Running a successful business requires skill, dedication, and the ability to look beyond the particular product or service that your company provides in order to protect the entity and its assets. Included within that last requirement is something that most do not think about on a daily basis; a plan for the business in the event of your death or incapacitation. Retirement plans have their own unique place in succession planning, but for purposes of this article, the focus will be on planning for the unexpected.
Without spending too much time on the variety of events that could result in an unexpected need for a business succession plan, it is an unfortunate fact of life that sometimes things happen that you did not have marked in your calendar. As a result, it is important to ensure that proper measures are in place to protect the business if you are no longer around.
For companies with multiple owners, provisions in an operating agreement or bylaws can direct the transfer of your interest. These provisions often call for a buy-sell agreement, whereby certain triggering events (such as death, disability, or retirement) will require a business owner to sell, or offer, their ownership interest in the business to their co-owners.
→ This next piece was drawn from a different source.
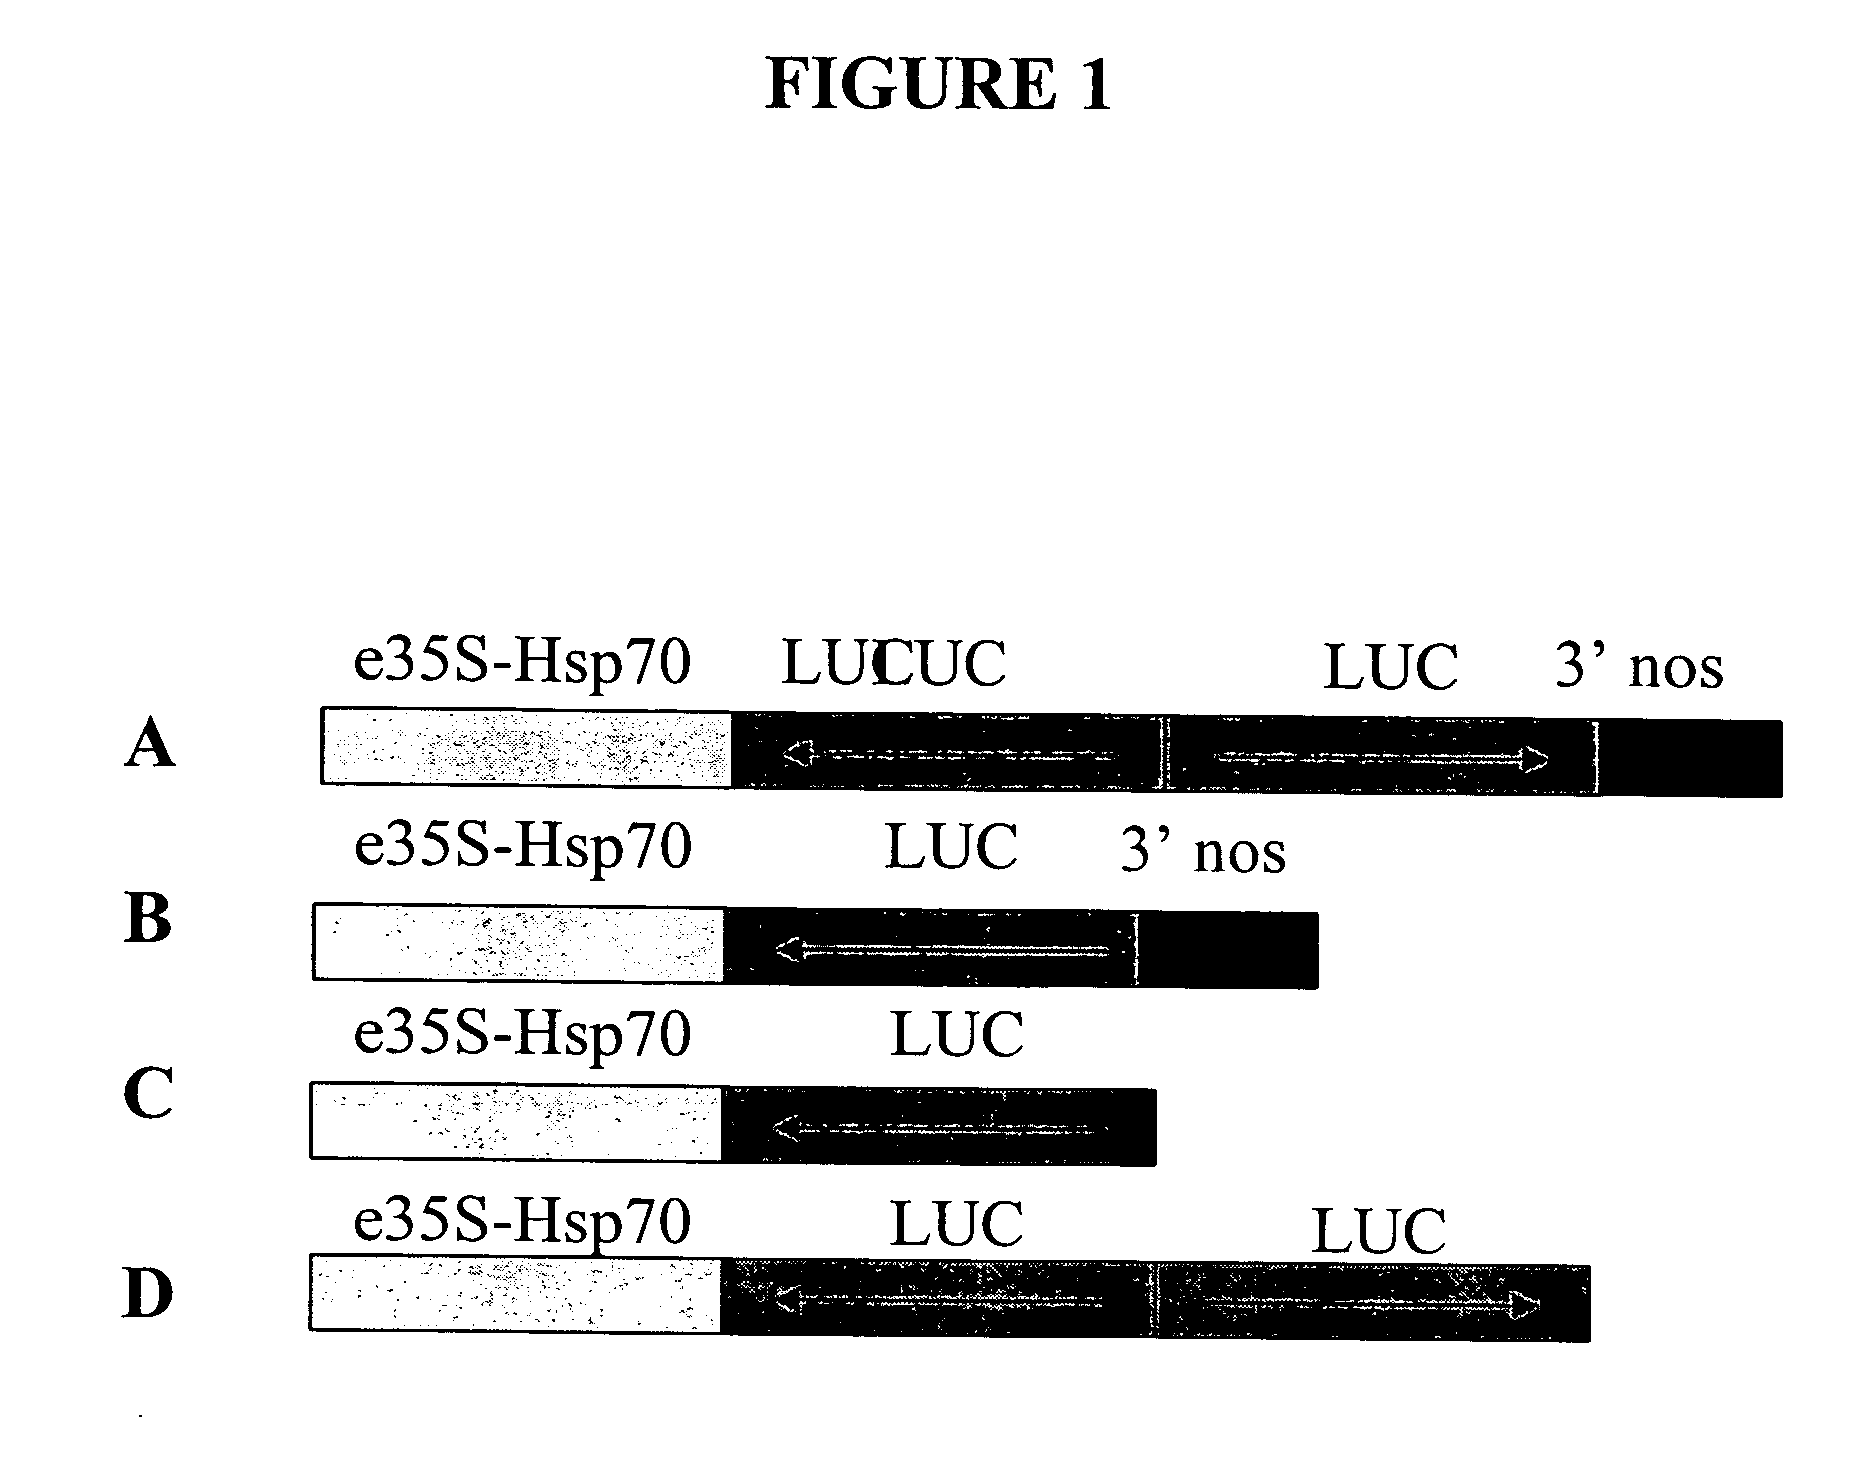 Recombinant DNA constructs and methods for controlling gene expression

The price to purchase the business interest is often either fixed or based on a fair market value formula. Finally, a buy-sell agreement will contain payment terms specifying the installments, interest, and any deposit required for the purchase of the interest.
A buy-sell agreement can take a variety of forms, including a wait-and-see plan, a cross-purchase plan, or a stock-redemption plan. For the wait-and-see plan, upon the occurrence of a triggering event, the other owners mutually agree upon who will purchase the interest of the deceased/incapacitated co-owner. A cross-purchase plan involves the agreement of the surviving owners to purchase the interest of their co-owner. Where the buy-sell agreement comports to a stock-redemption plan, the company buys the deceased/incapacitated owner’s interest.
For companies with a single owner, such as a single-member limited liability company, the owner’s interest will, upon his or her death, generally transfer in a similar fashion to the decedent’s other assets. For example, if the owner’s testamentary Will directs his/her assets to be passed down to heirs, this transfer will include the membership interest in the LLC. In certain circumstances, this result is not ideal as it can take time for the Will to be probated, during which the goodwill and success of the business may be in jeopardy due to lack of operation. If, on the other hand, an LLC’s operating agreement contains a transfer-on-death clause indicating to whom the membership interest shall be transferred, there will be no need to go through probate as the transfer will happen immediately upon the death of the owner.
The fate of the business is an important consideration for any business owner. Although there are several avenues to have the business continue upon an owner’s death, the business may also be sold or liquidated. In either event, having a plan identified in the governing documents for the company (bylaws, operating agreement, etc.) is essential to ensuring that the fate of the business stays in the hands of its owners.